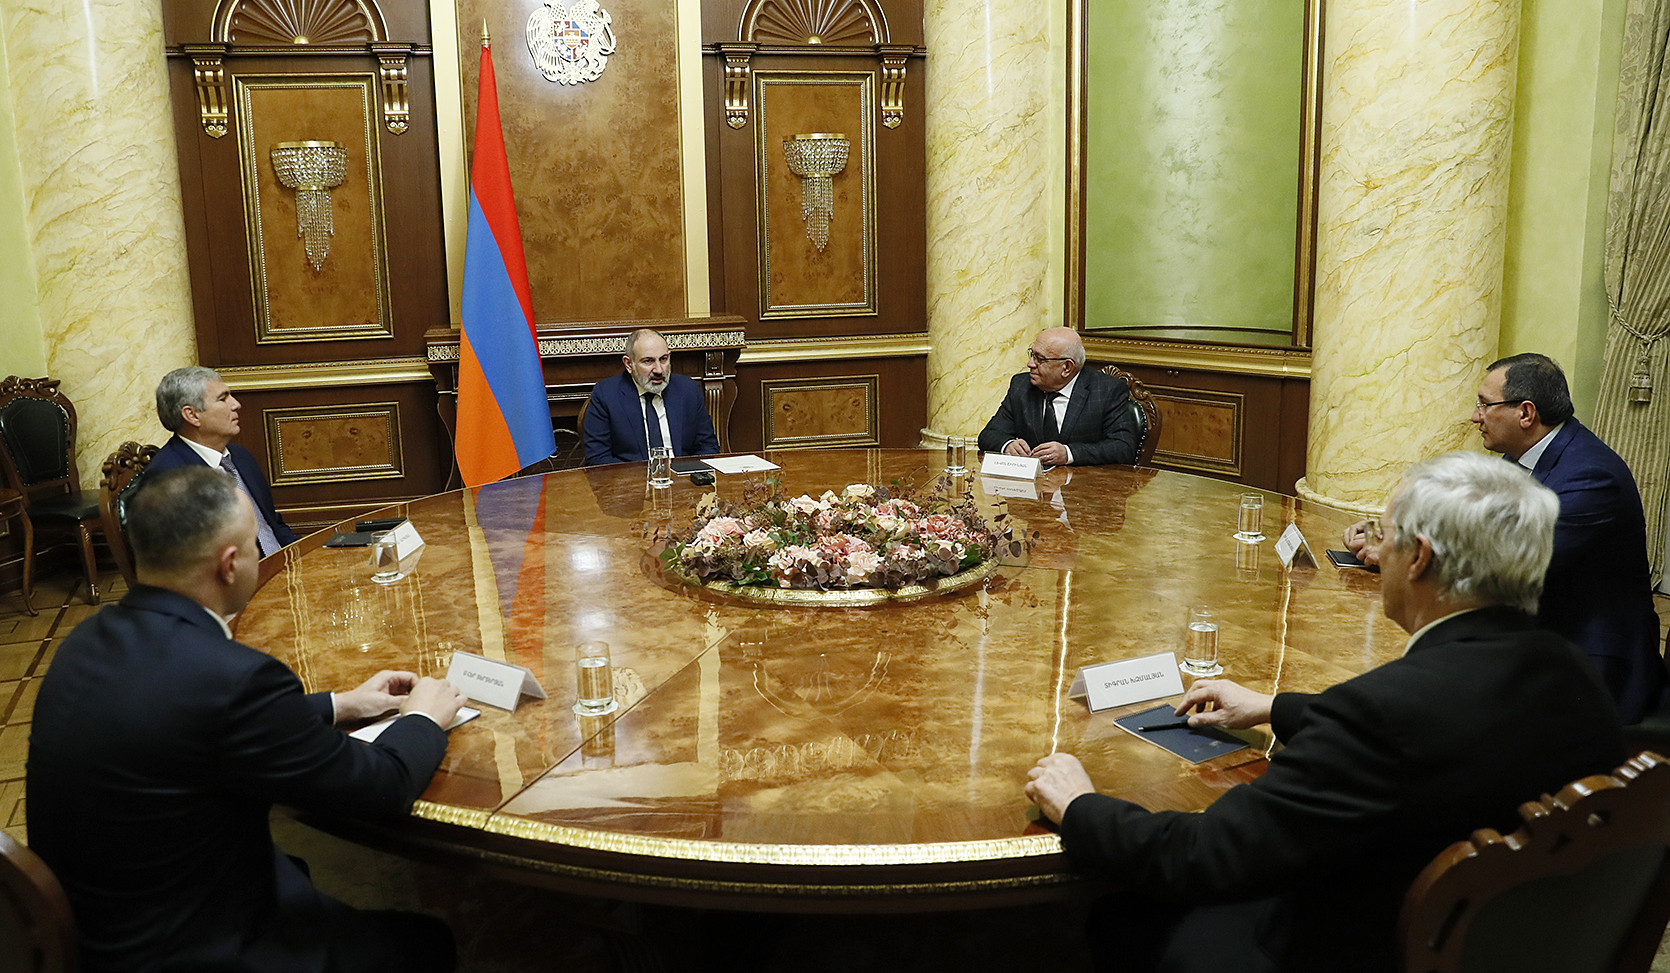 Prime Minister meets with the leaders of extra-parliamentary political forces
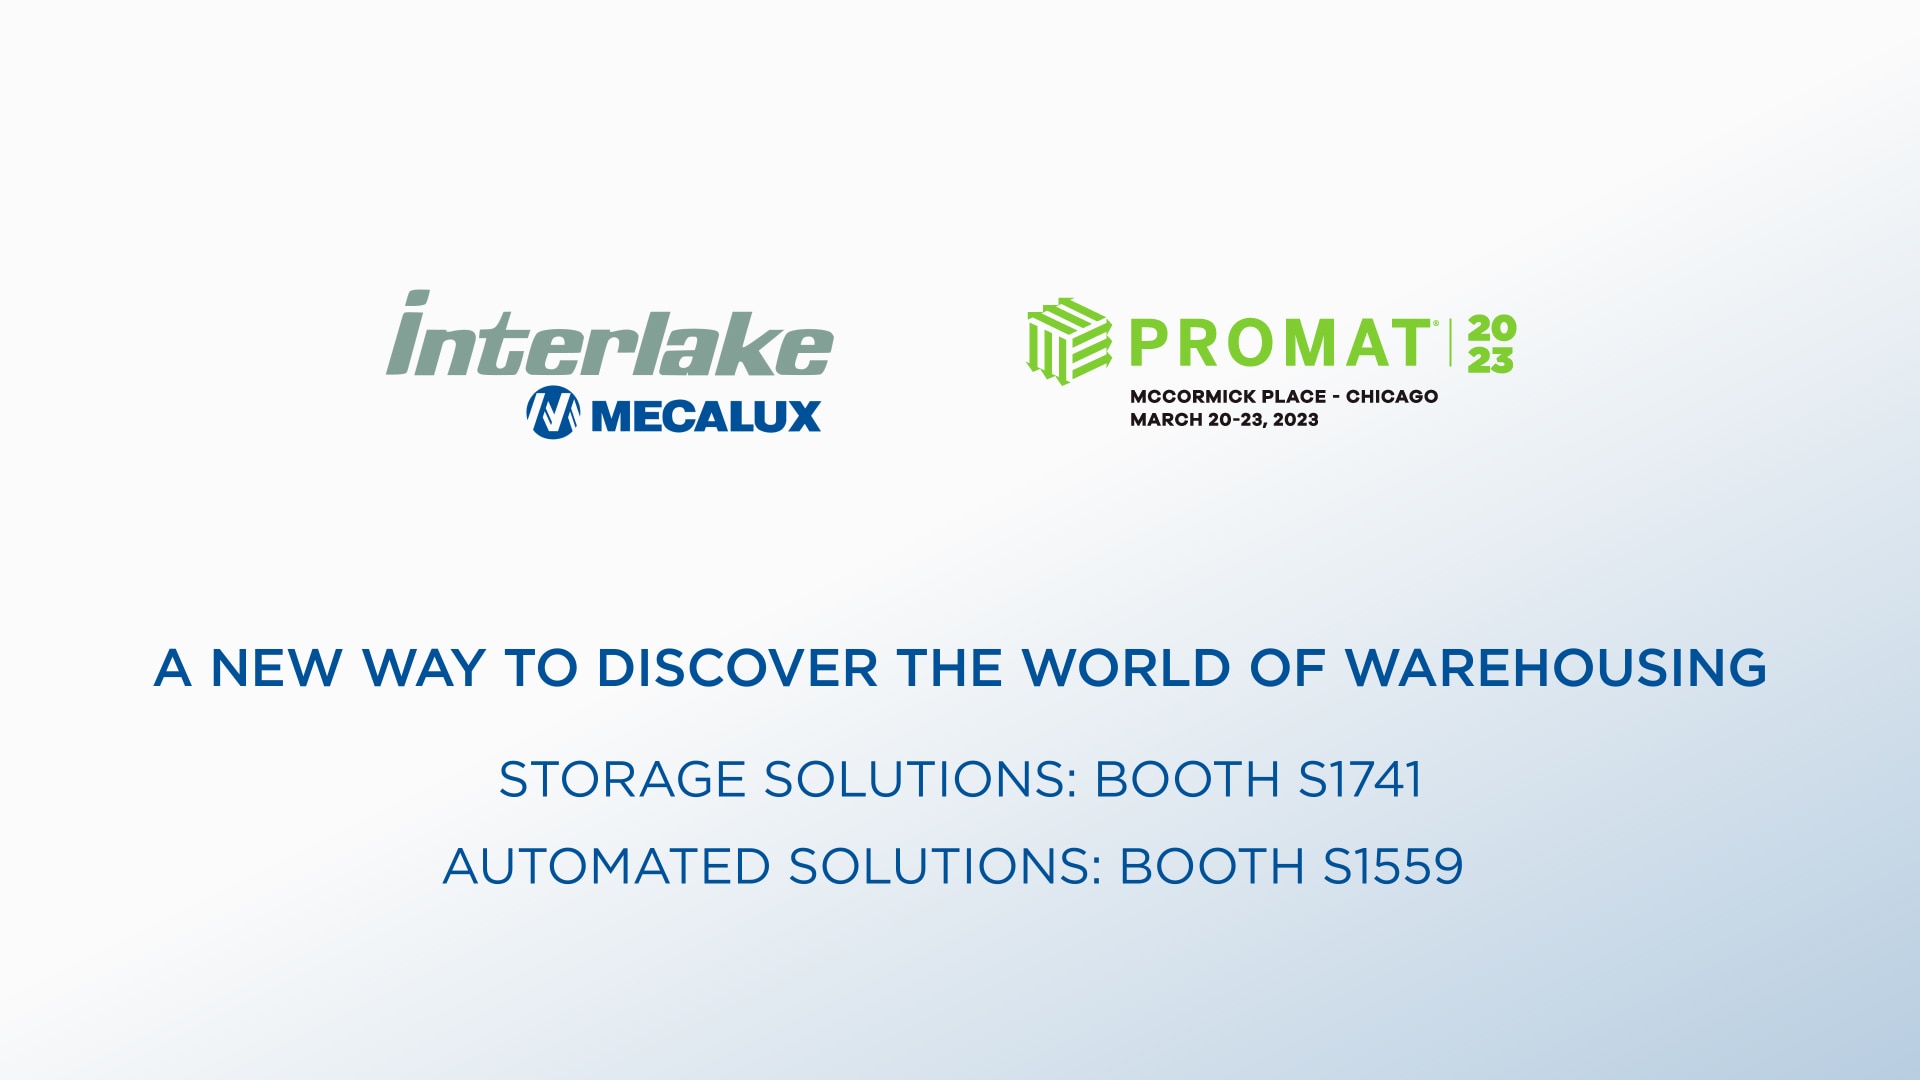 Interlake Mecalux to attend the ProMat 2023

§

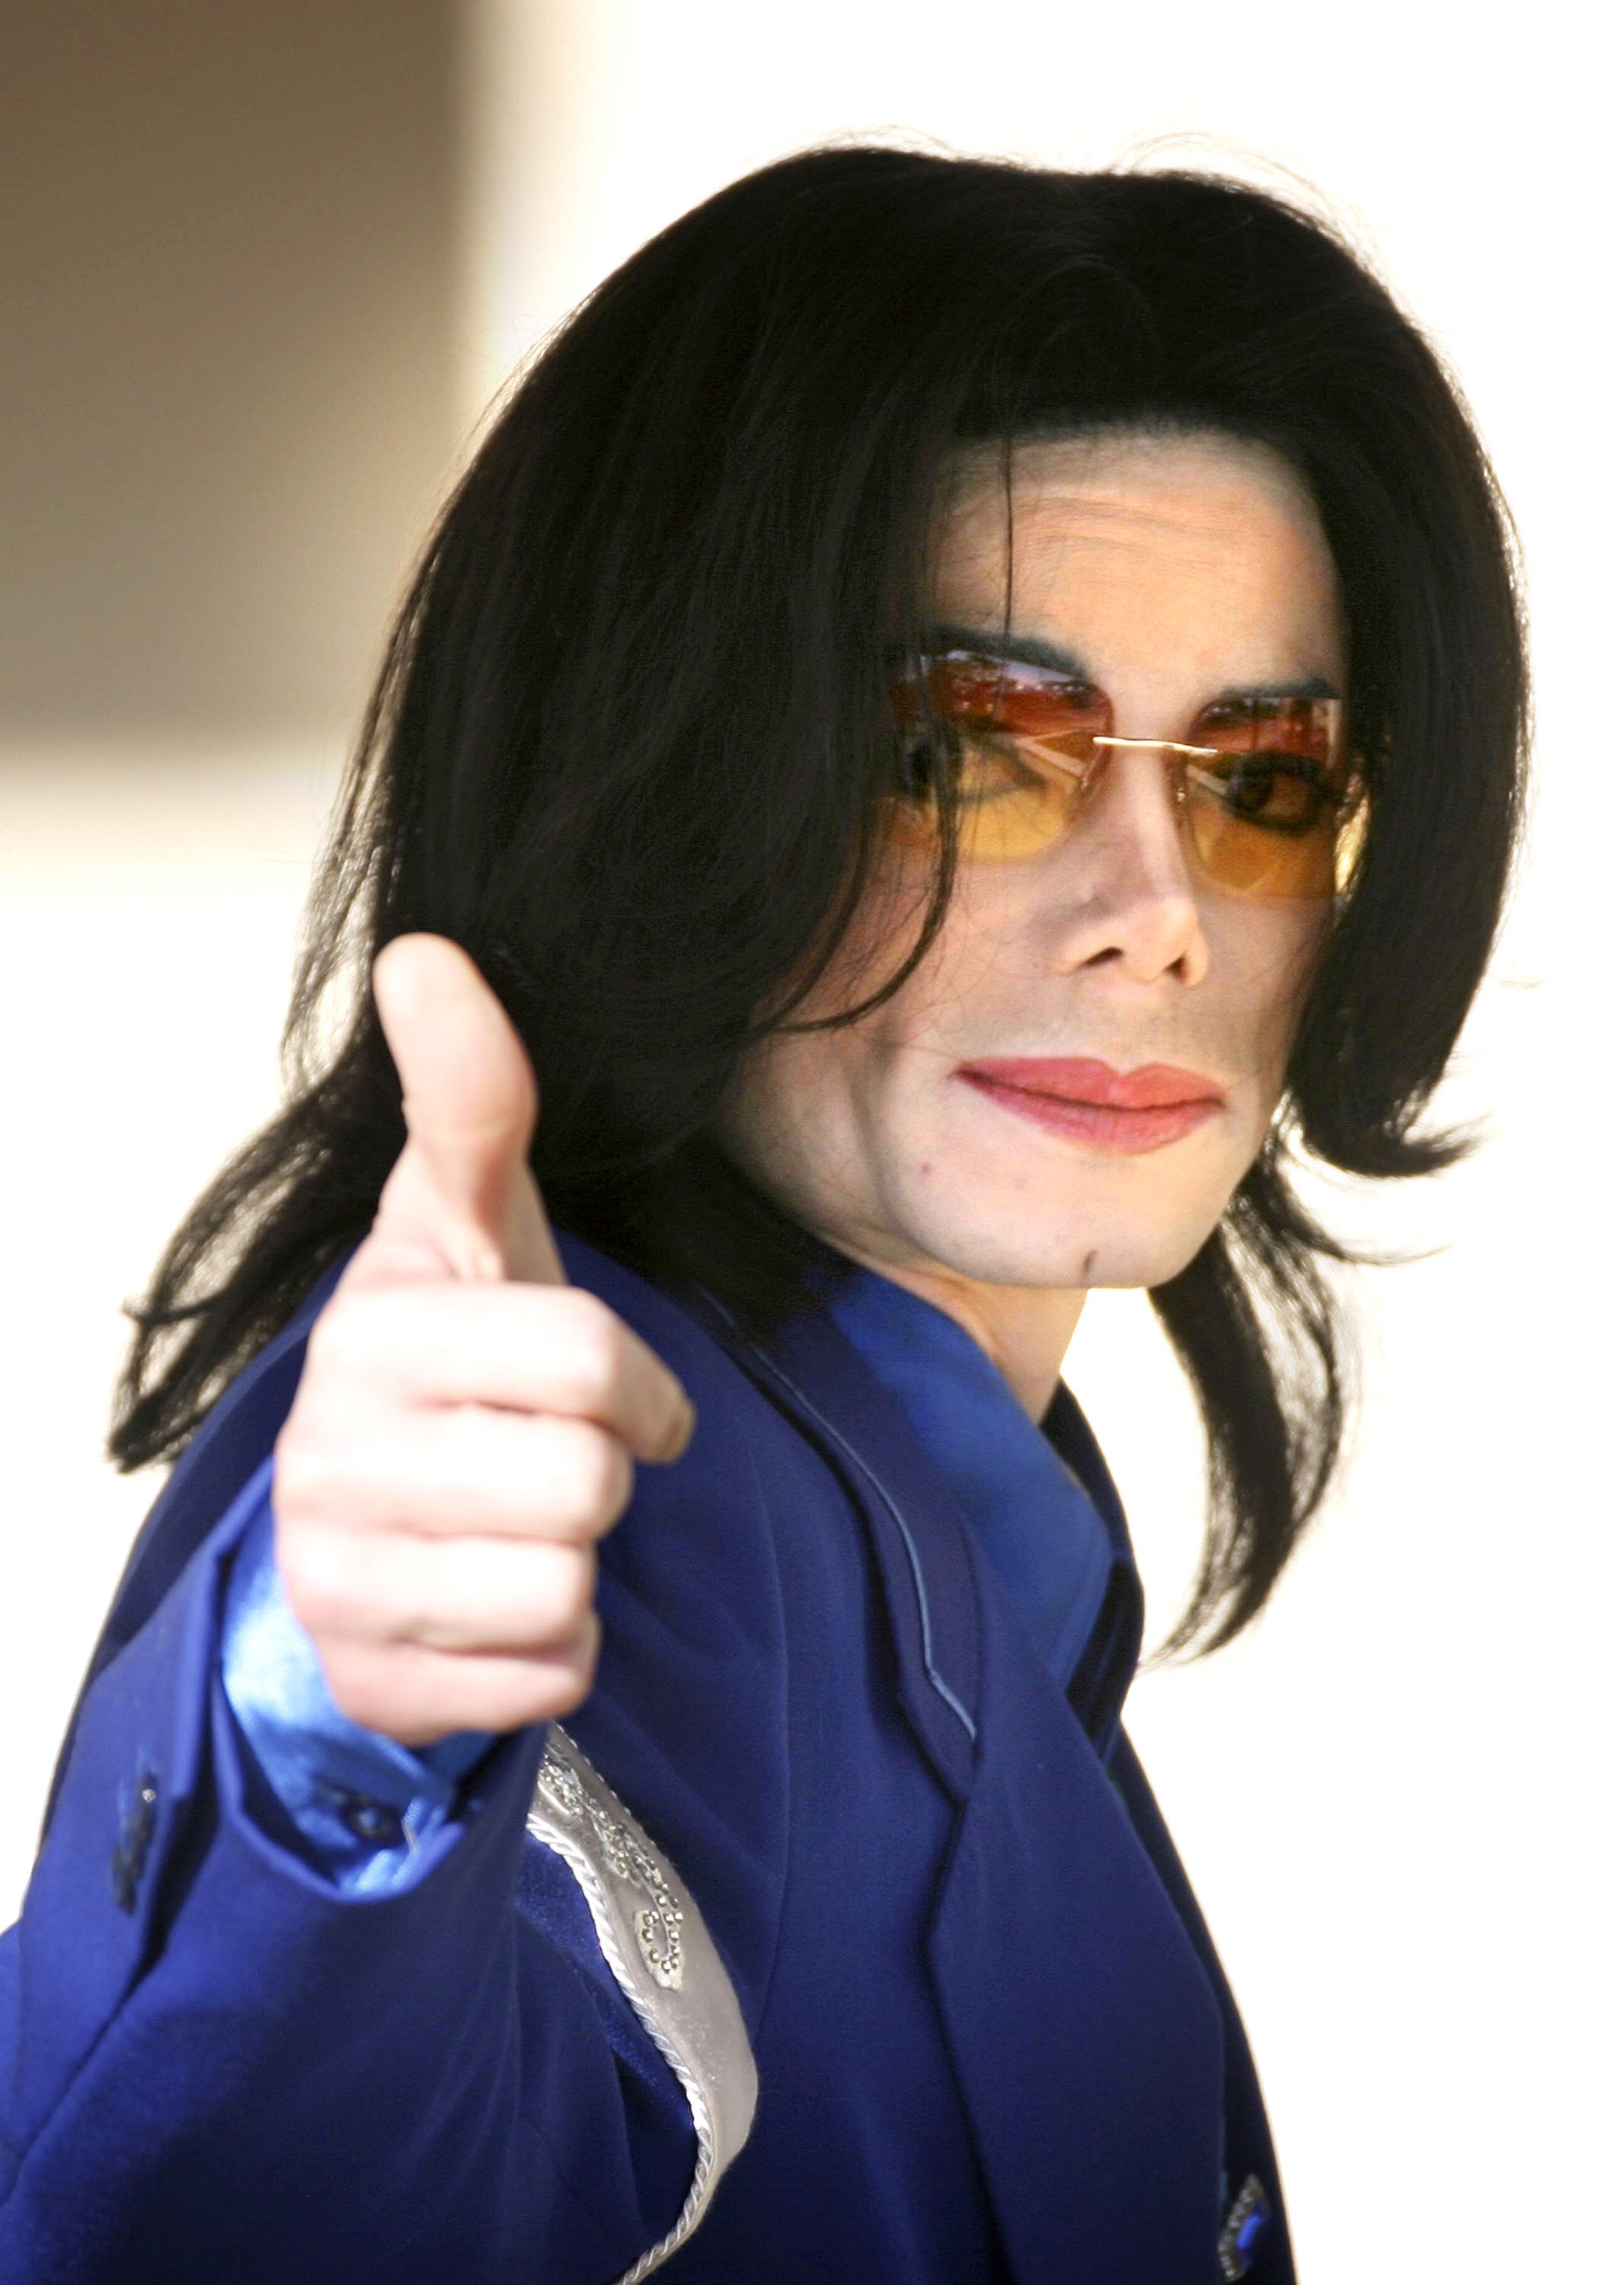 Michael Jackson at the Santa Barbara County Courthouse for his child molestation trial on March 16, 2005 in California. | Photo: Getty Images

§

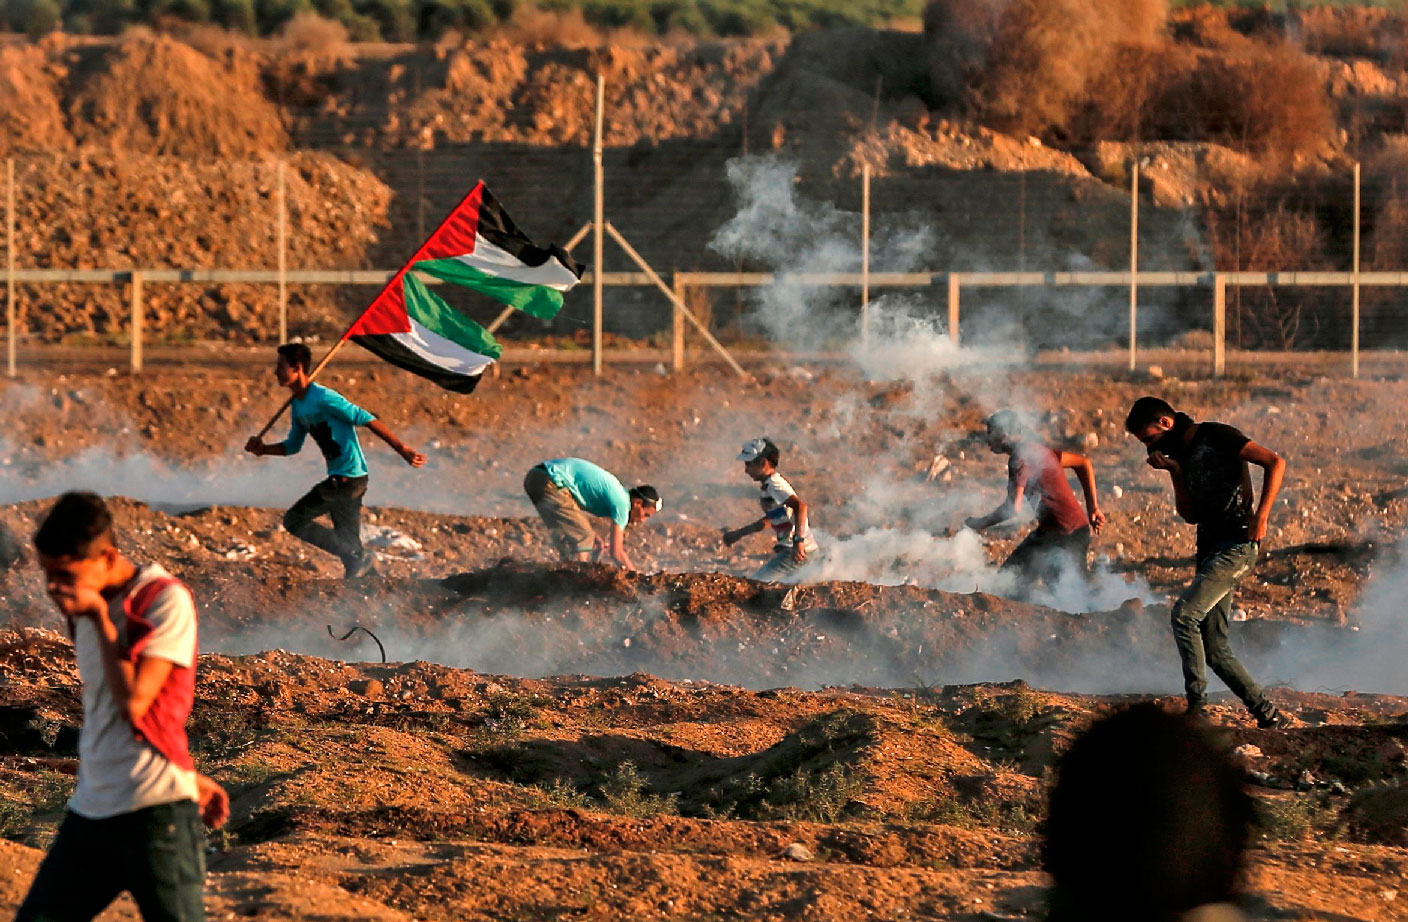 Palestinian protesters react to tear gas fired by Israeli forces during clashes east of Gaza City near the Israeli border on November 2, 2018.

§

TASK INSTRUCTIONS: Would you copy, word for word, only the lines above from the one containing "Prime Minister meets" through the one containing "Interlake Mecalux to attend the ProMat 2023", both included, and please leave out the pictures?

EXPECTED ANSWER:
 Prime Minister meets with the leaders of extra-parliamentary political forces
 Interlake Mecalux to attend the ProMat 2023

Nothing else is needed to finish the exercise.